Во мне боролись два чувства — голода и усталости. Я ничего не ел с утра, и, вдобавок, шагал весь день. Когда впереди в наступающих сумерках выросли развалины большого каменного дома, я не колебался ни секунды. Первая же ниша в серой, поросшей мхом, стене приняла меня, как родной дом. Под головой вместо подушки — рука, одеяла никакого, и, слава Богу, что ночи ещё не слишком холодные. Я скрутился в комок, поджал под себя ноги, подышал немного на озябшие колени и заснул, не зная того, что зашёл я в один из самых опасных районов Фритауна — Восточный тупик...
Накануне я очень устал и поэтому спал я долго, так долго, что проспал почти весь следующий день — я думаю, что это было последствием шока. Меня разбудили камни, упавшие со стены. Кто-то ходил наверху. Я с минуту лежал неподвижно, ещё не проснувшись толком. Когда я поднялся на ноги, напротив меня стояли, полукругом прижав меня к стене, восемь таких же, как я. Я переводил взгляд с одного лица на другое и что-то плохое было написано на них, что-то совсем не доброе, — губы презрительно кривились в злых усмешках, кое-кто подбрасывал на ладони кусок камня, кто-то покачивал отполированное дерево дубинок. Все стояли, молча глядя на меня.

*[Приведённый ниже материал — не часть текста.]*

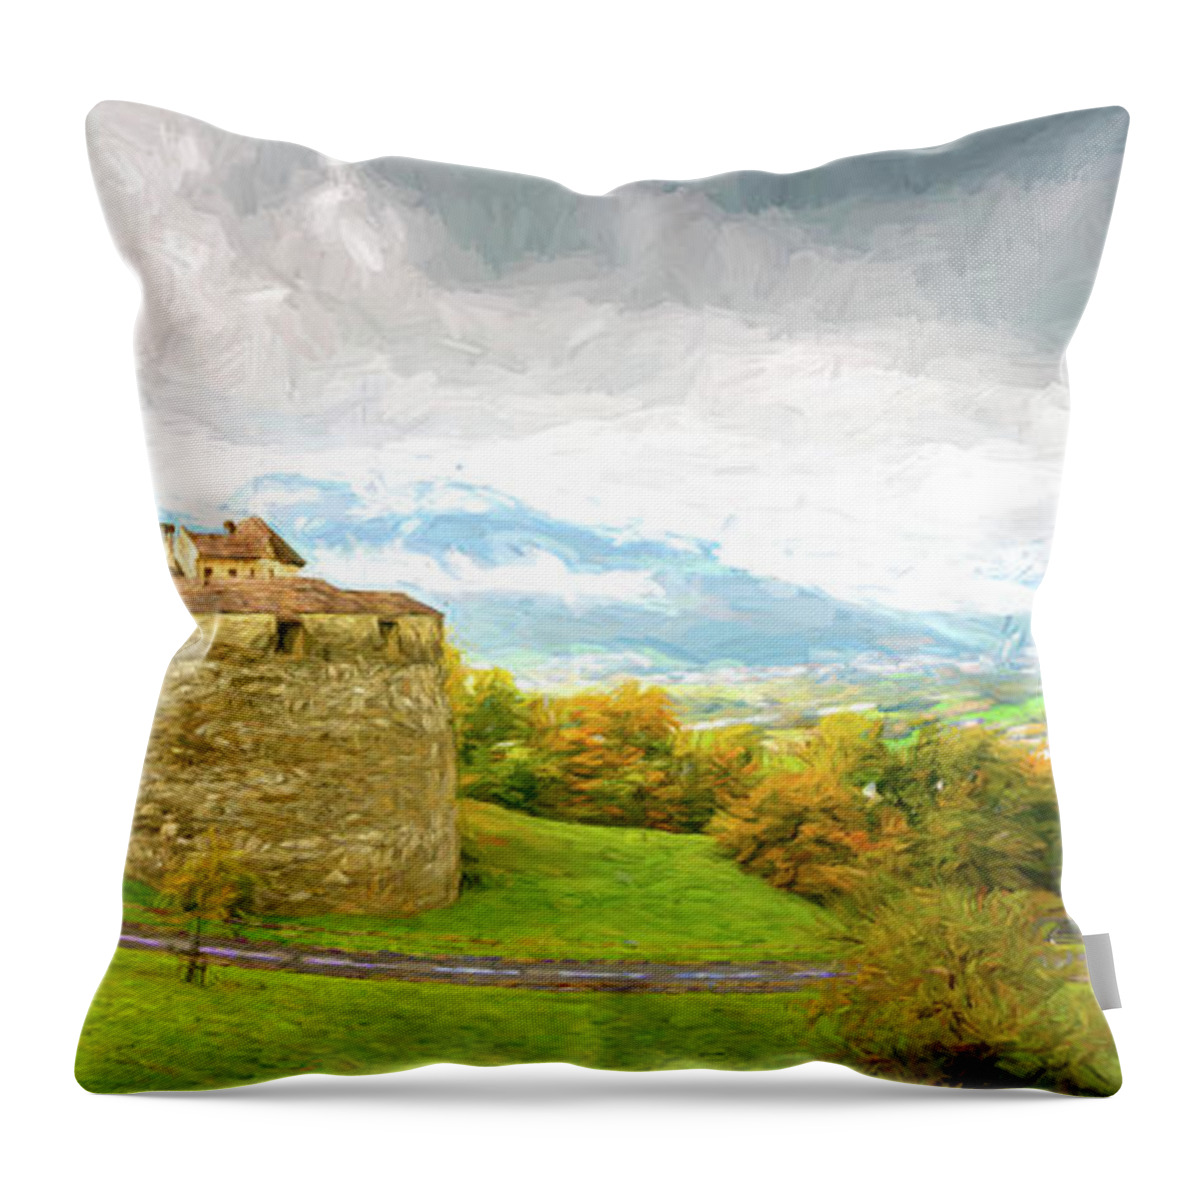 Architecture Throw Pillow featuring the digital art Vaduz Castle, Leichtenstein by Rick Deacon

Вперёд вышел черноволосый, со сросшимися густыми бровями, острым длинным носом и широким ртом, толстые губы обнажали ряд потемневших зубов. Руки с большими лопатообразными кистями он скрестил на груди.
Я смотрел на него, ещё не зная, что стою лицом к лицу со своим врагом, врагом с большой буквы, врагом на всю жизнь.
— Никто не смеет находиться на моей земле, — коротко отчеканивая слова, сказал мой враг.
Я продолжал смотреть на него, а внутри меня толчками, идущими от сердца, рос страх, перехватывающий горло.